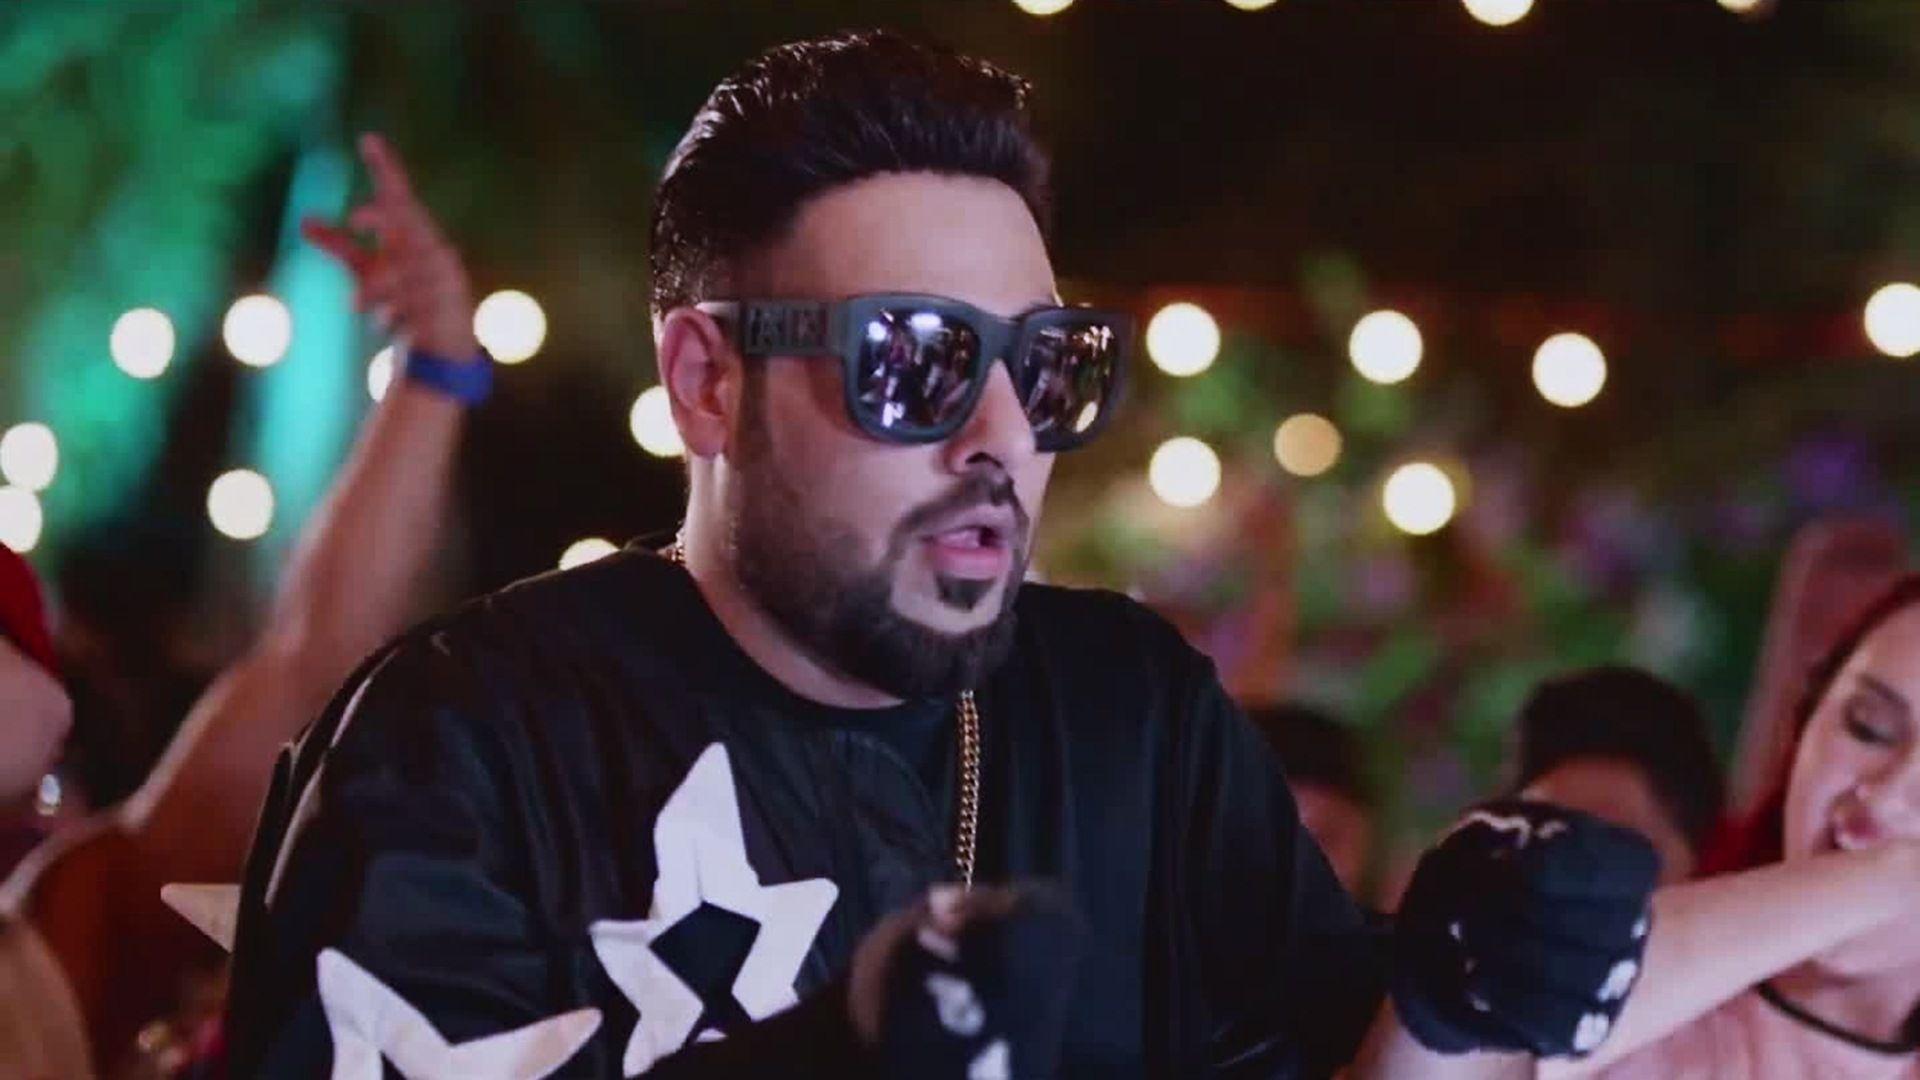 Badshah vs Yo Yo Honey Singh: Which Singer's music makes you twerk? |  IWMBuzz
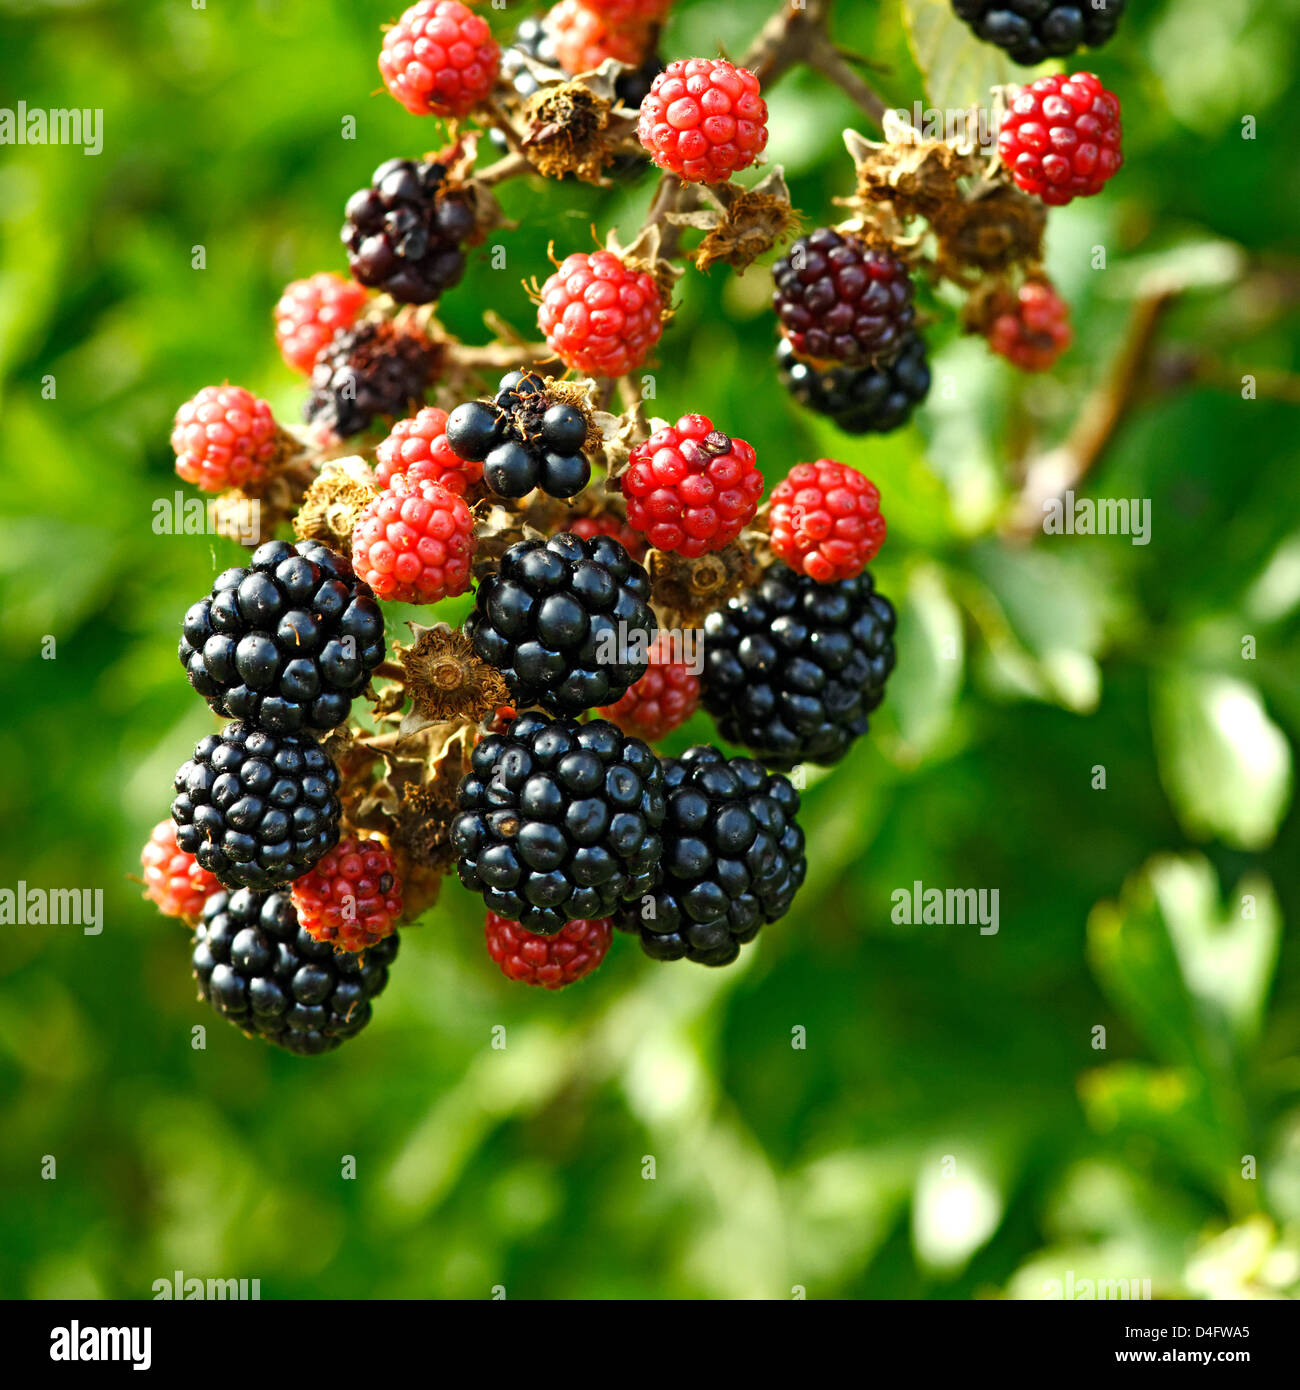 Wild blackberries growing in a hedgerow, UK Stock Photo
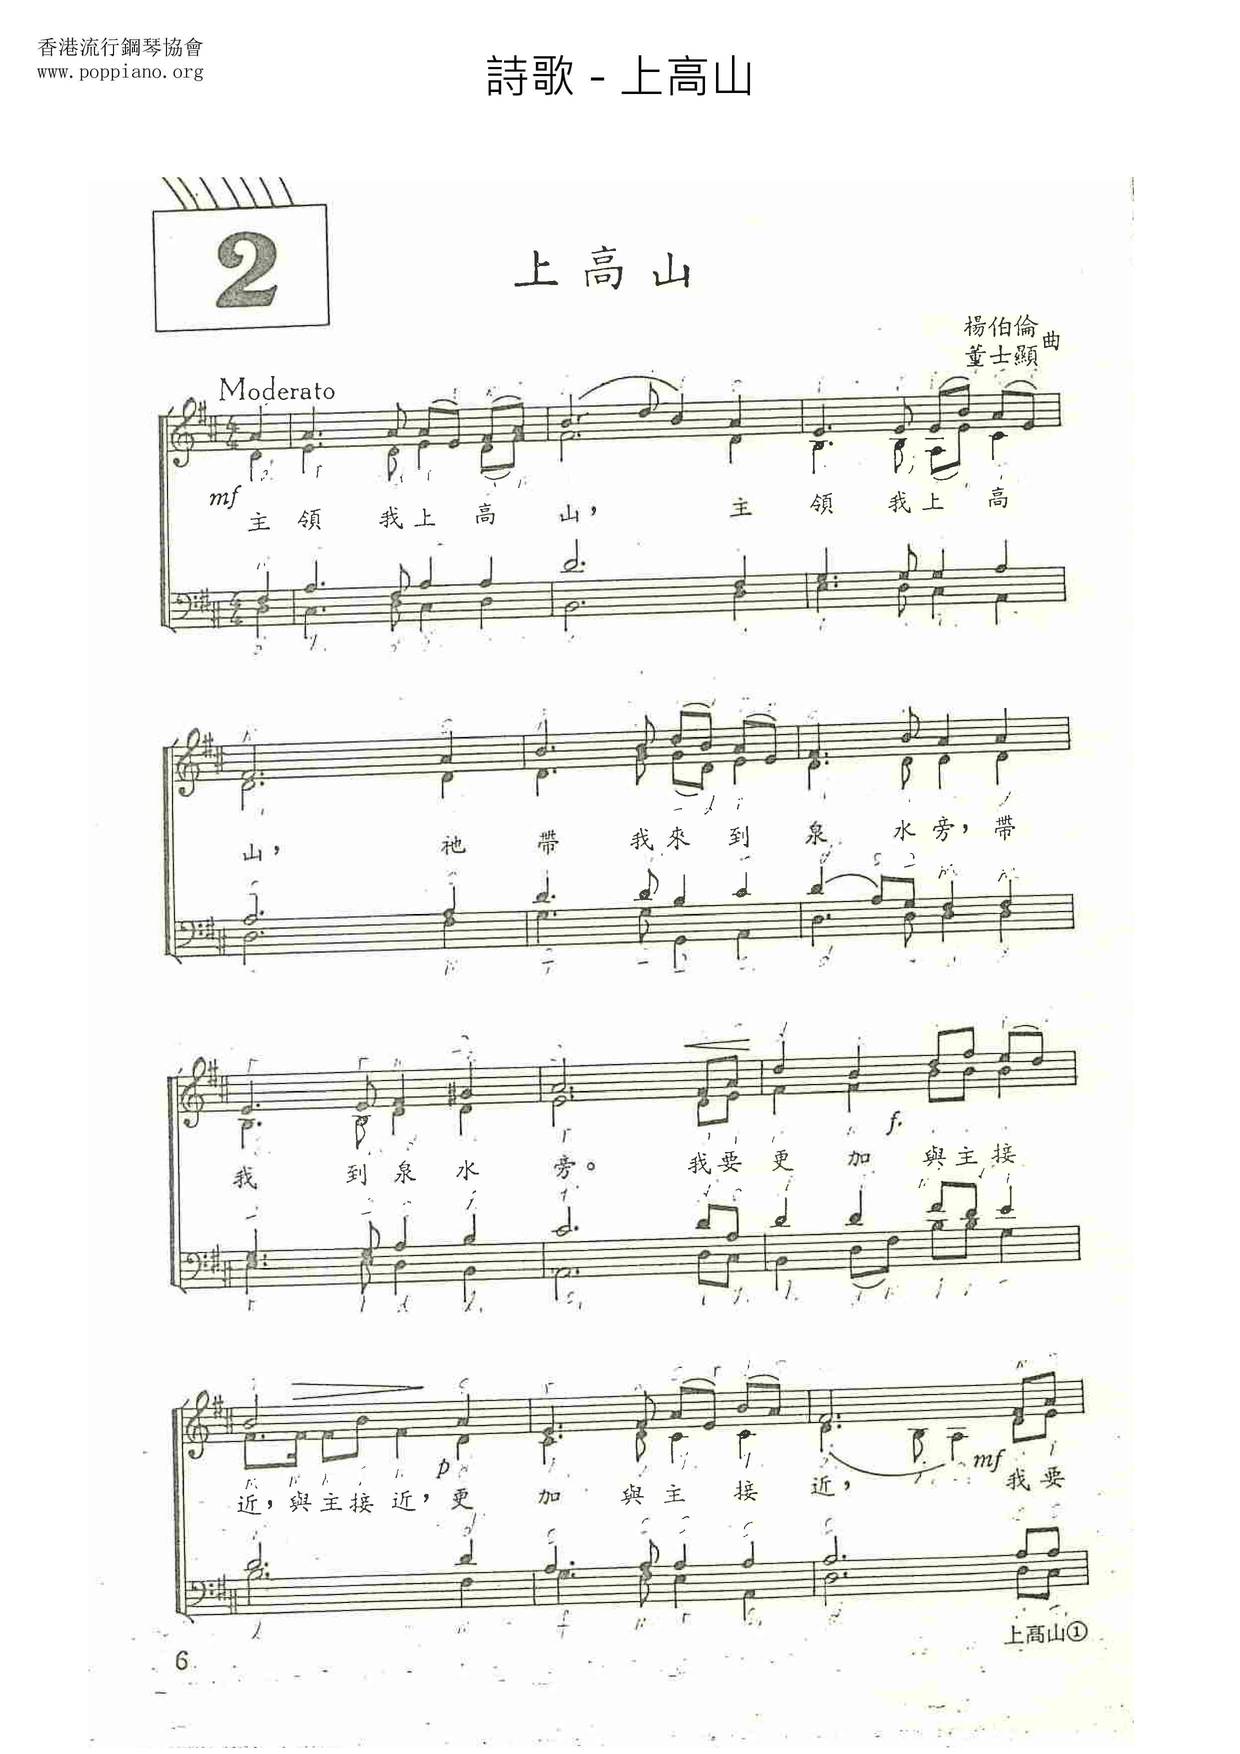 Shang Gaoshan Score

### Description of the task
To answer, repeat exactly the lines from the line containing "Wild blackberries growing" through the last line of the data above, leaving out all pictures.

### Exercise result
 Wild blackberries growing in a hedgerow, UK Stock Photo
 Shang Gaoshan Score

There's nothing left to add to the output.